• [TASK] Return every line of the data below exactly, but do not include the images.
[[ INFORMATION PROVIDED, beginning ]]
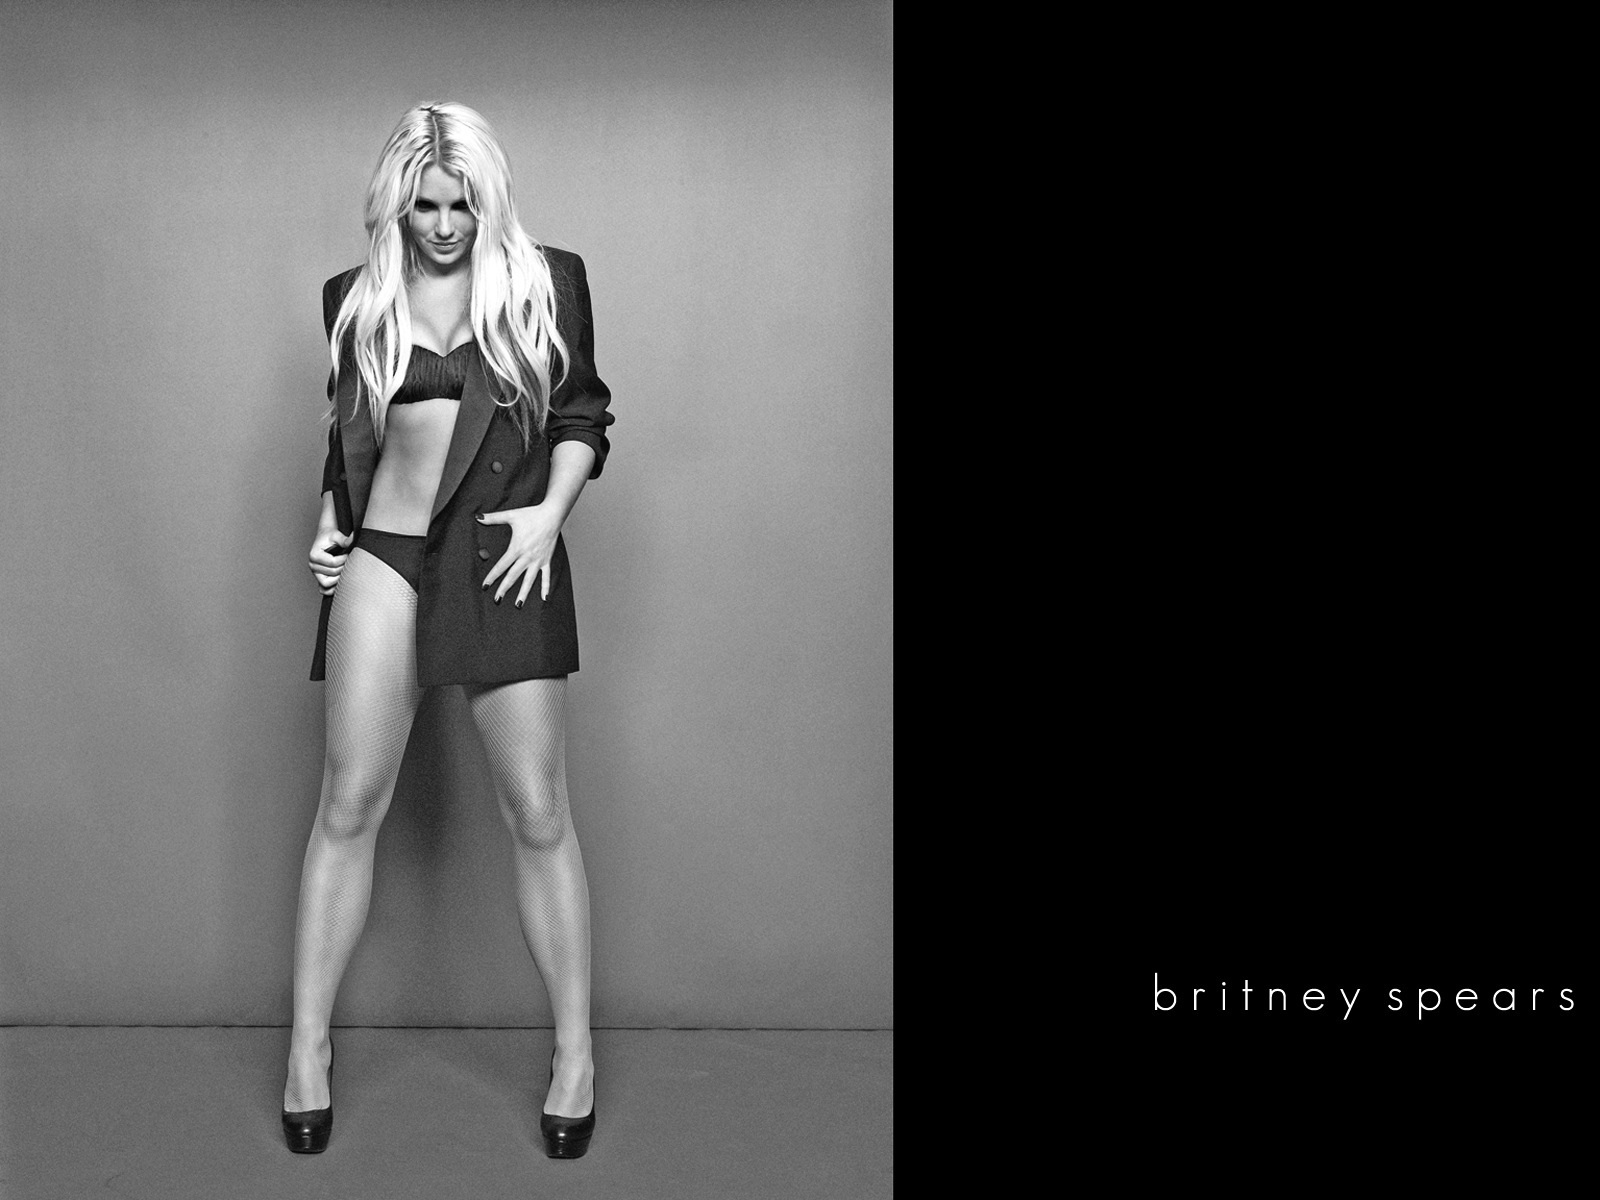 Britney Spears Britney Spears Wallpaper 20036040 Fanpop
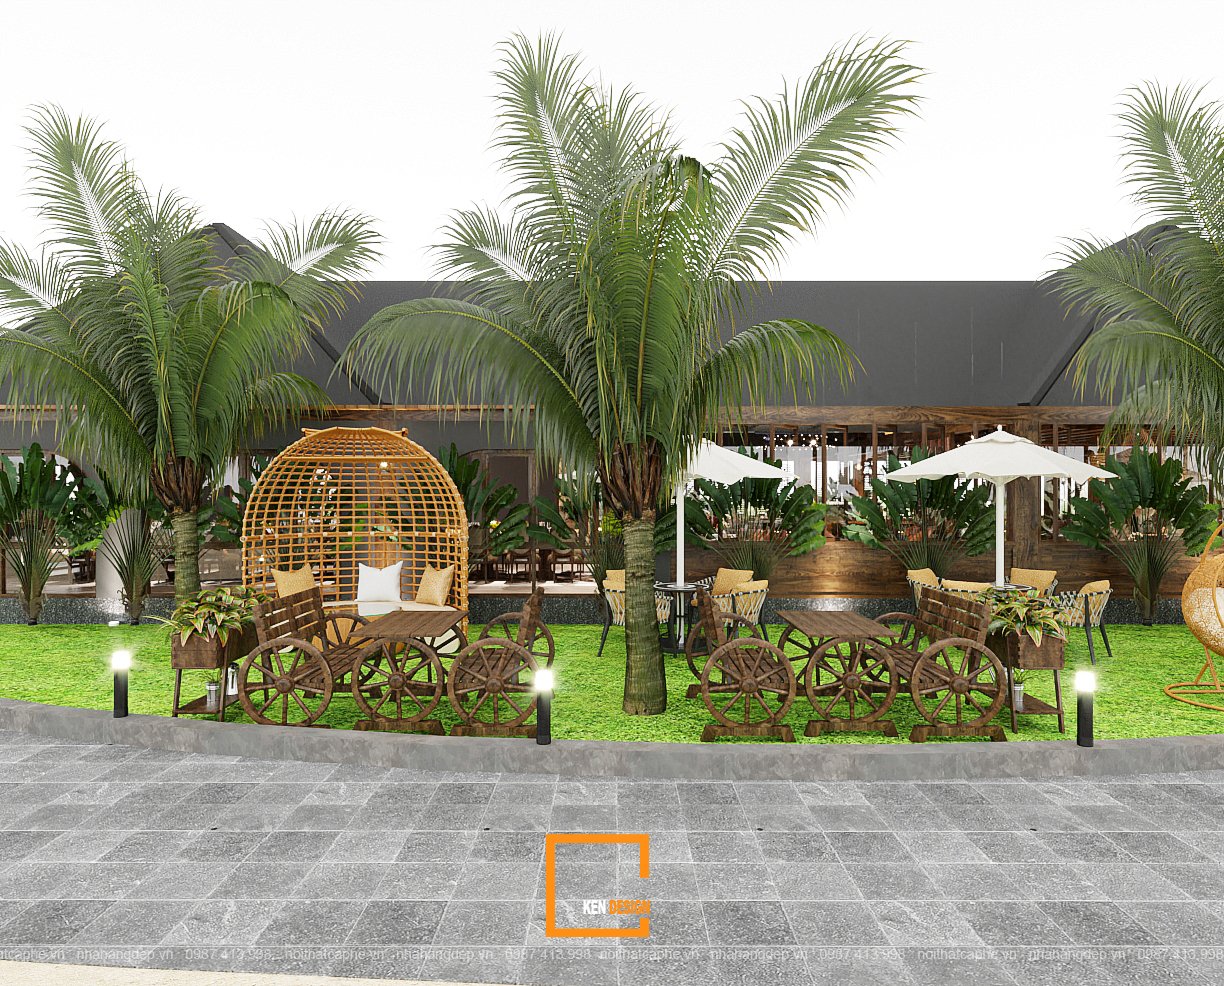 thiet ke nha hang lan ha garden 6 - Nét cổ điển trong thiết kế nhà hàng Lan Hạ Garden
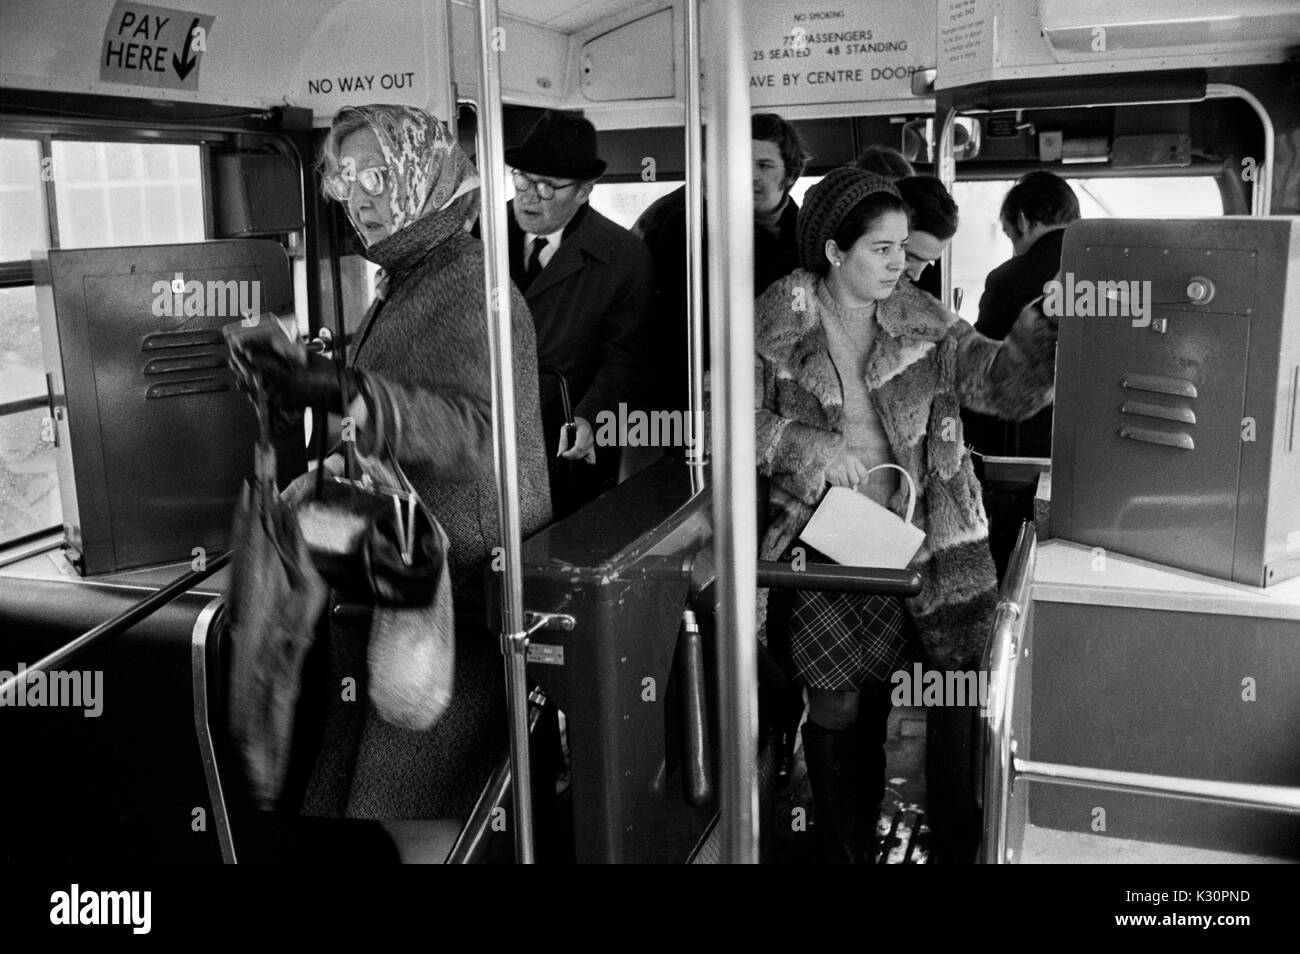 Macchina per i biglietti degli autobus 1970s di Londra all'interno dell'autobus. Pendolari e acquirenti che salgono su un autobus della London Transport. I conduttori degli autobus che distribuiscono i biglietti sono stati fermati e le biglietterie ora prendono il loro posto. 1970S UK HOMER SYKES Foto Stock
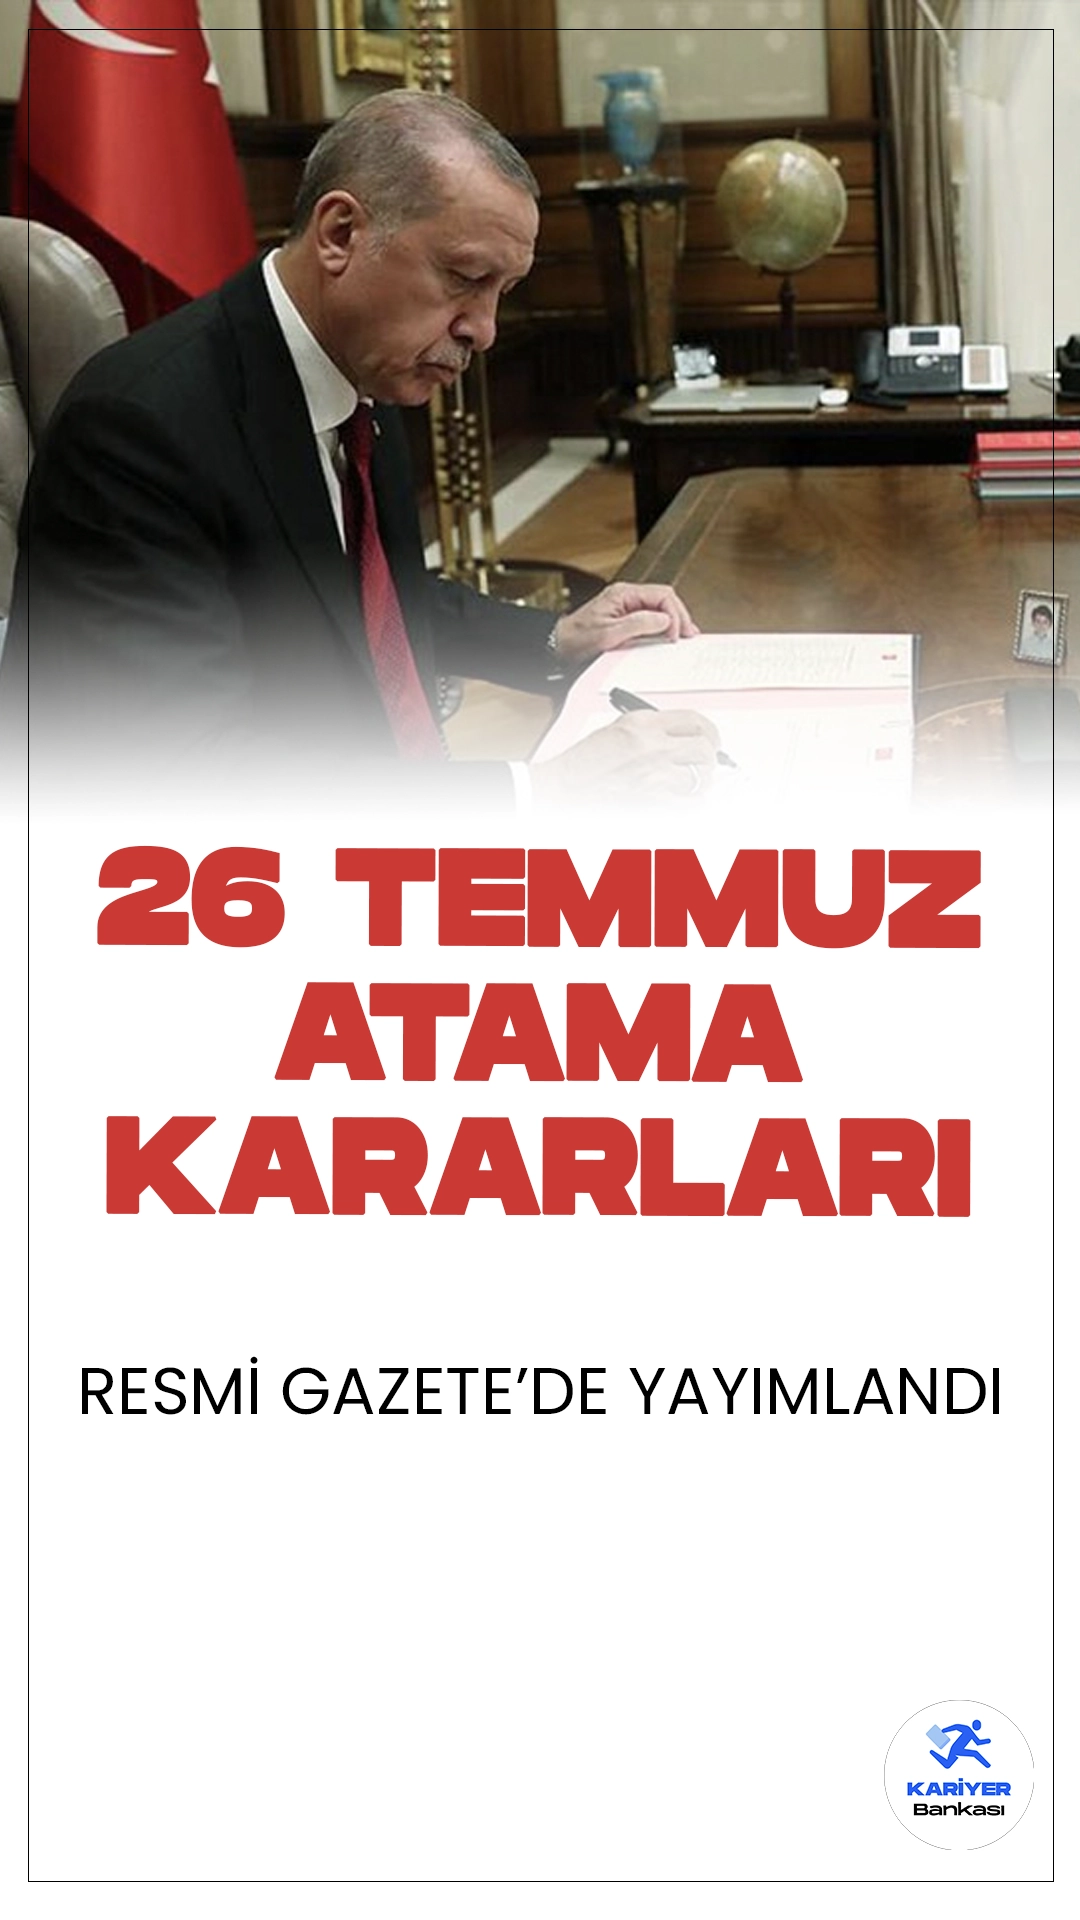 26 Temmuz Atama Kararları Resmi Gazete'de Yayımlandı.Cumhurbaşkanı Recep Tayyip Erdoğan imzasıyla bazı bakanlık ve kamu kurumlarına yapılan atama ve görevden alma kararları Resmi Gazete'de yayımlandı.
[[ INFORMATION PROVIDED, end ]]
• [FINISHED EXERCISE]
 Britney Spears Britney Spears Wallpaper 20036040 Fanpop
 thiet ke nha hang lan ha garden 6 - Nét cổ điển trong thiết kế nhà hàng Lan Hạ Garden
 Macchina per i biglietti degli autobus 1970s di Londra all'interno dell'autobus. Pendolari e acquirenti che salgono su un autobus della London Transport. I conduttori degli autobus che distribuiscono i biglietti sono stati fermati e le biglietterie ora prendono il loro posto. 1970S UK HOMER SYKES Foto Stock
 26 Temmuz Atama Kararları Resmi Gazete'de Yayımlandı.Cumhurbaşkanı Recep Tayyip Erdoğan imzasıyla bazı bakanlık ve kamu kurumlarına yapılan atama ve görevden alma kararları Resmi Gazete'de yayımlandı.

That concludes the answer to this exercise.